Against the emptiness, the tilting table with my decorative beverage and clear plastic pen scrapes the tiles of a future that brakes and stops at a present that passes it, until table, pen, and page are part of the past--spacetime dips further backward and I'm leaning against the pressure of a single direction.

Perhaps this episode suffers from the heavy insomnia tossed over my shoulders. Cold tea pools beneath a restless breath and my veins twitch on the beat of this music. Without the old metaphors, what would I have left?

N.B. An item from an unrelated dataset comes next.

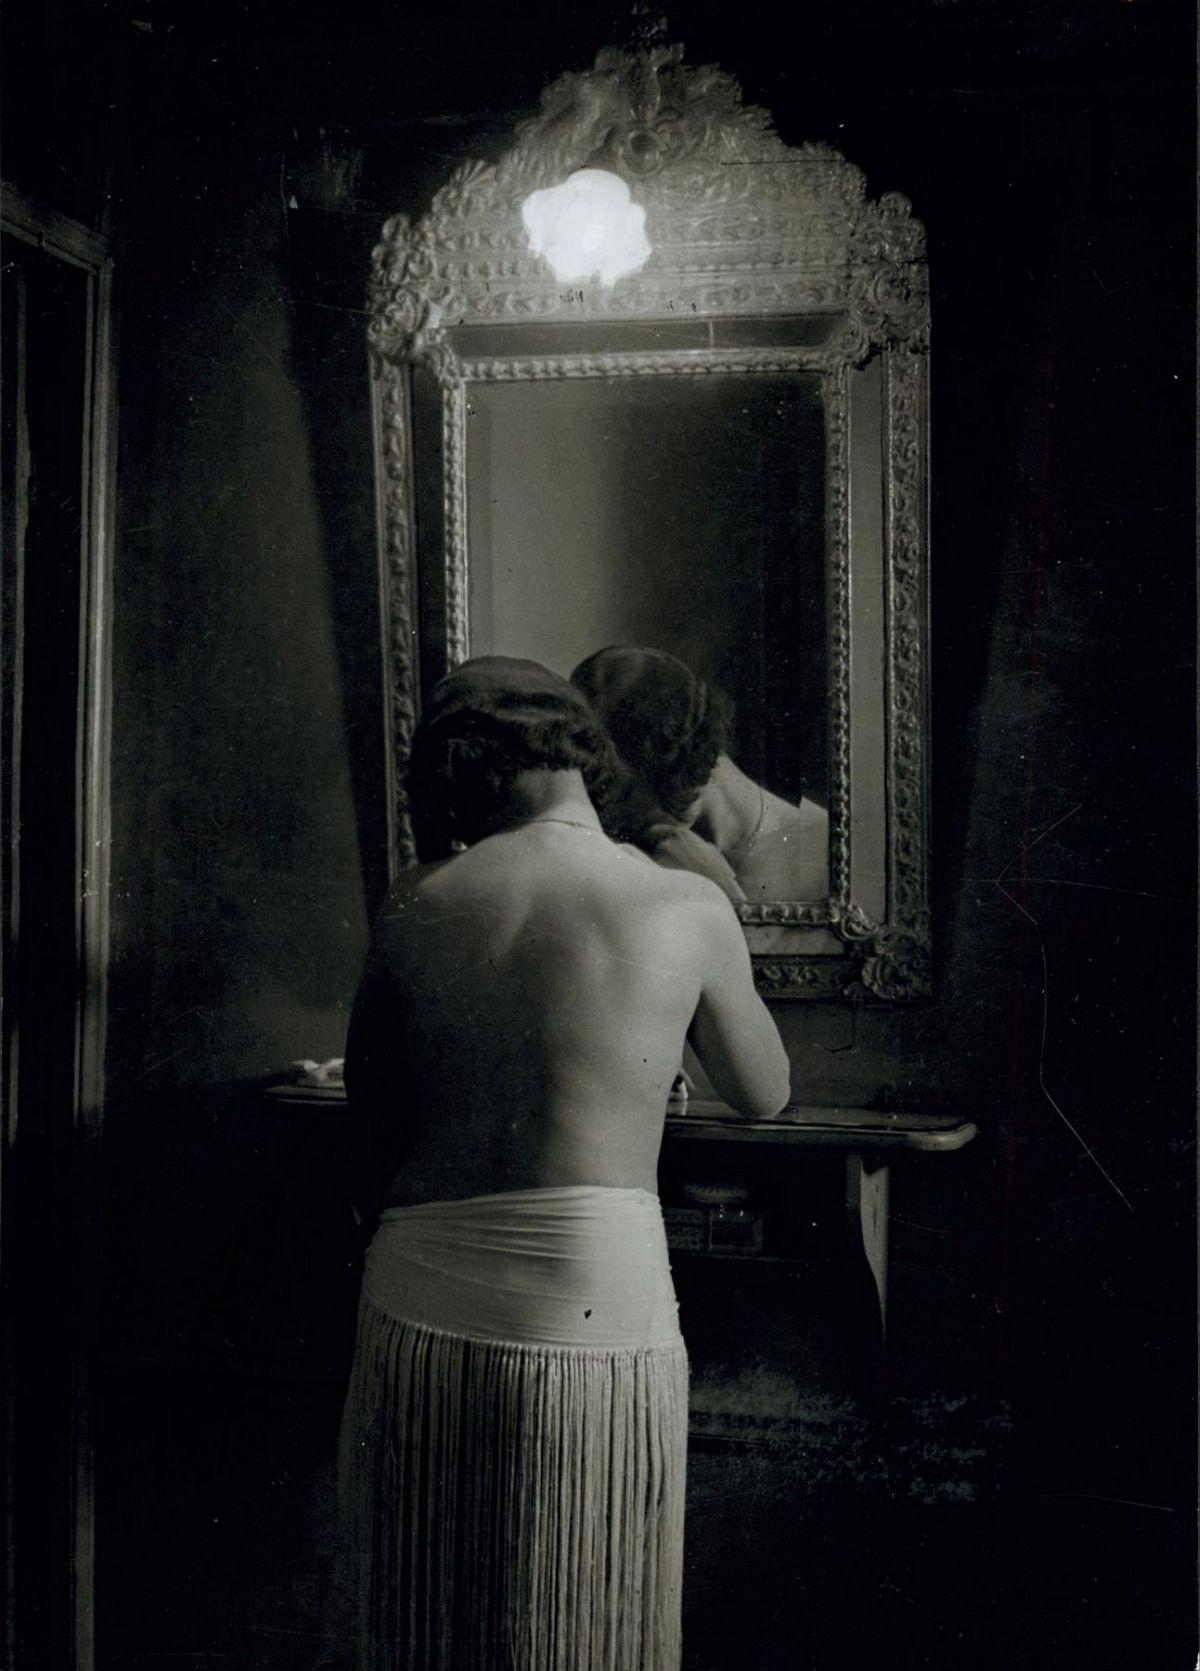 Brassaï, Toilette, Chez Suzy, c. 1932

At the information desk, a woman asks for something with the triangular face of an alien, narrow eyes seamed into her cheeks. The instant I wonder how you would read the proper distance on her countenance, how blank netlog conversations are the preparation for words alone marking meaning, I have abandoned the draft beneath me. It becomes a napkin upon which I'll catch the overflow of the afternoon.

Wednesday, September 29, 2010

One Hundred, Because That is the Word that Comes To Mind

I sit and watch the tables fill and think of the minutes and the keystrokes and the beats per minute and the small ink letters that keep spilling from the pen.

A dirge slow marches from the back corner of the coffee shop, thumping past the empty seats. No one slouches in the door or whispers in the corner. Bees lurking in the lines hum the closer I come to the marred pages. I tumble backwards through the pages until I impact the story which I've not thought of since this began.

Reading an article and comments on the web, I feel an unsteadiness, the words blown hot and sharp over the Styrofoam blocks to which we cling, the draggled birds floating on the dirty river at Babylon's gates. We argue over the trash, the last use of the emptiness, already unpacked of ideas.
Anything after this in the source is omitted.